In Detroit, the recount helped cast light on what became a national scandal involving faulty Detroit voting machines. To avoid future problems, state Elections Director Chris Thomas said Wednesday night the city will purchase all new voting machines ahead of its 2017 mayoral and City Council elections.

"Detroit has Jill Stein to thank for revelations regarding the faulty machines and poll worker errors. Had the Green Party presidential nominee not instigated a recount of the Michigan votes, no one would have known about the broken machines or ballots left at precincts, such as what happened with Detroit’s Precinct 152," a columnist for the Detroit Free Press wrote Wednesday.

Thomas also said his office would investigate other reports of election problems in the Detroit region, including missing poll books and too few or too many ballots, the Detroit Free Press exclusively reported.

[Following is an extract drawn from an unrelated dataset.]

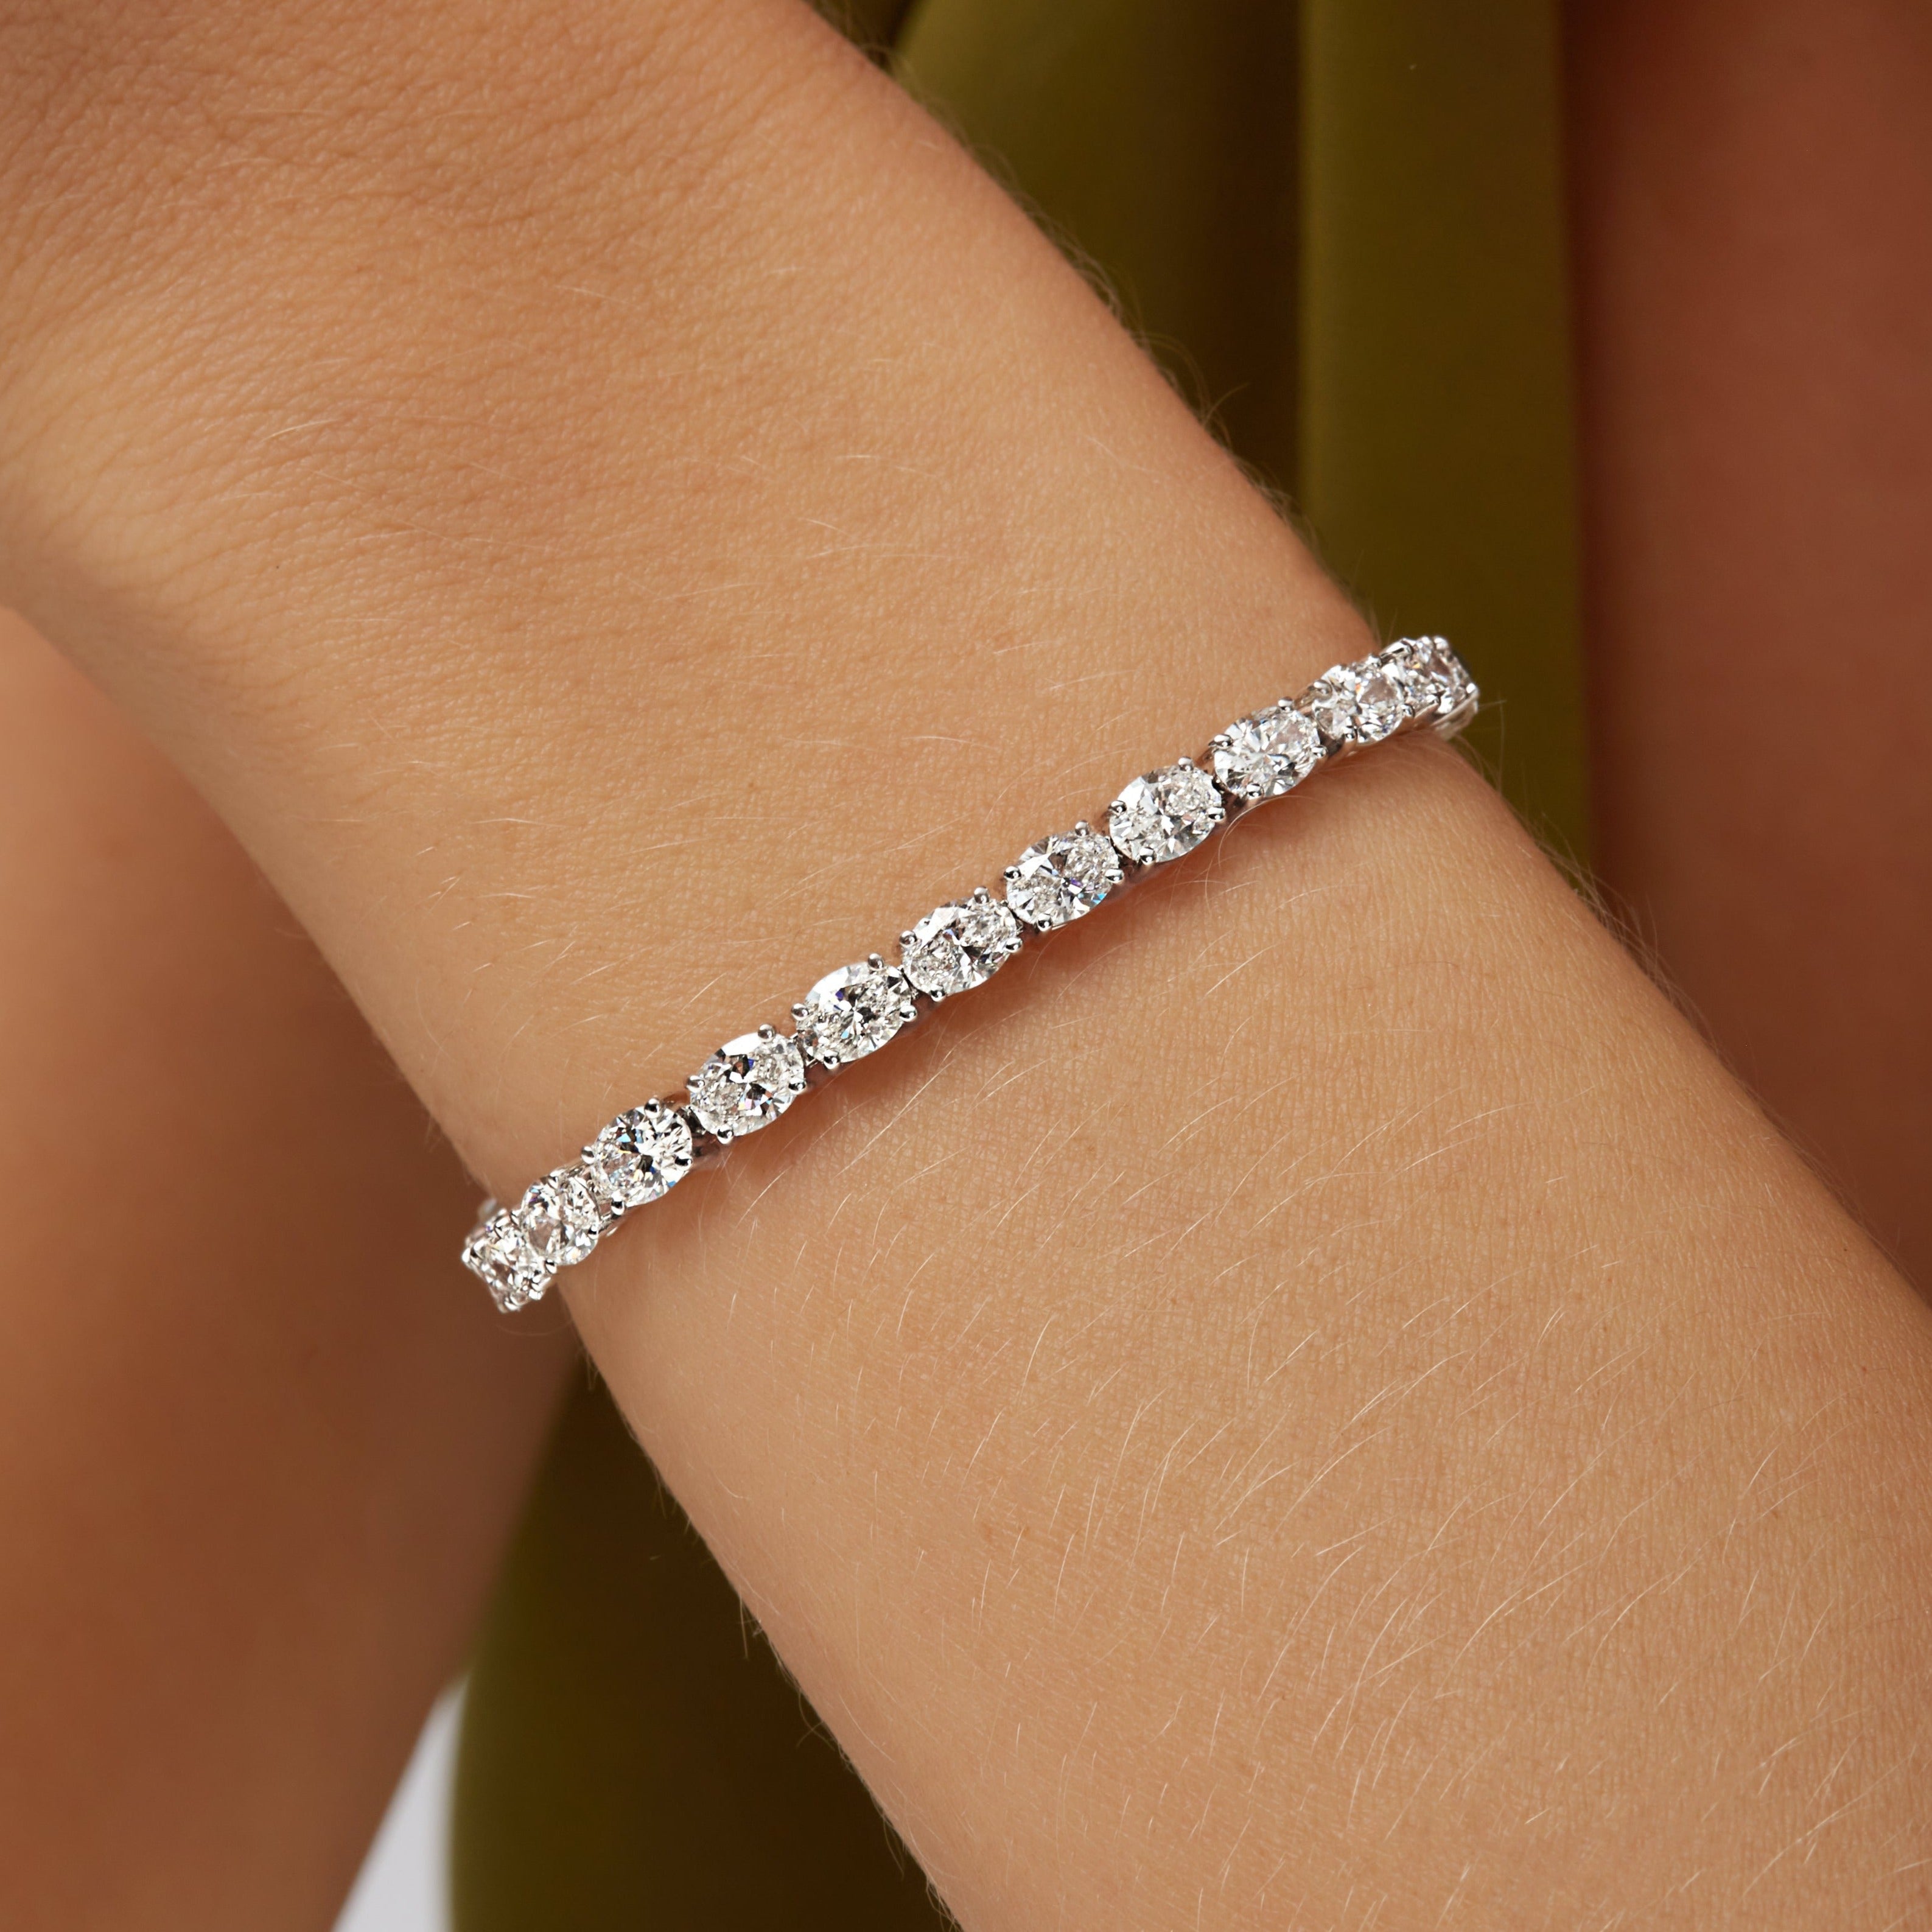 5.22cttw diamond tennis bracelet. G VS diamonds set in 14kt white gold 3  prong setting. | Sparkly jewelry, Tennis bracelet diamond, Diamond bangle

“I got an e-mail yesterday from Wayne County showing me what the issues were on (Detroit) polling places and precincts, and quite frankly, it was somewhat shocking,” he said.

Detroit City Clerk Janice Winfrey also said the city would replace its 10-year-old voting machines no matter the cost.

“We had the rollout (of new machines) in our budget,” Winfrey said. “No money was appropriated by the state. We are hopeful that we will have machines in 2017, and I suggest to you that tomorrow there will be a plan rolled out for those machines. If not, we’re going to do like we always do in this raggedy city. We’re going to make it work.”

Recount efforts in other states were less than successful for Stein and progressives who had argued Trump unfairly won the election. He won more Electoral College votes, but Clinton won the popular vote by nearly 3 million votes.

In Wisconsin, the recount saw Trump's lead grow by 131 votes, giving him more than 22,748 votes than Clinton. In Pennsylvania, a federal judge shut down Stein’s request for a recount because of alleged hacking in the Nov. 8 election.

In all, Clinton picked up 65,790,019 votes, while Trump received 62,951,513 votes across the nation. He is expected to be named the winner of the election Monday after the Electoral College vote.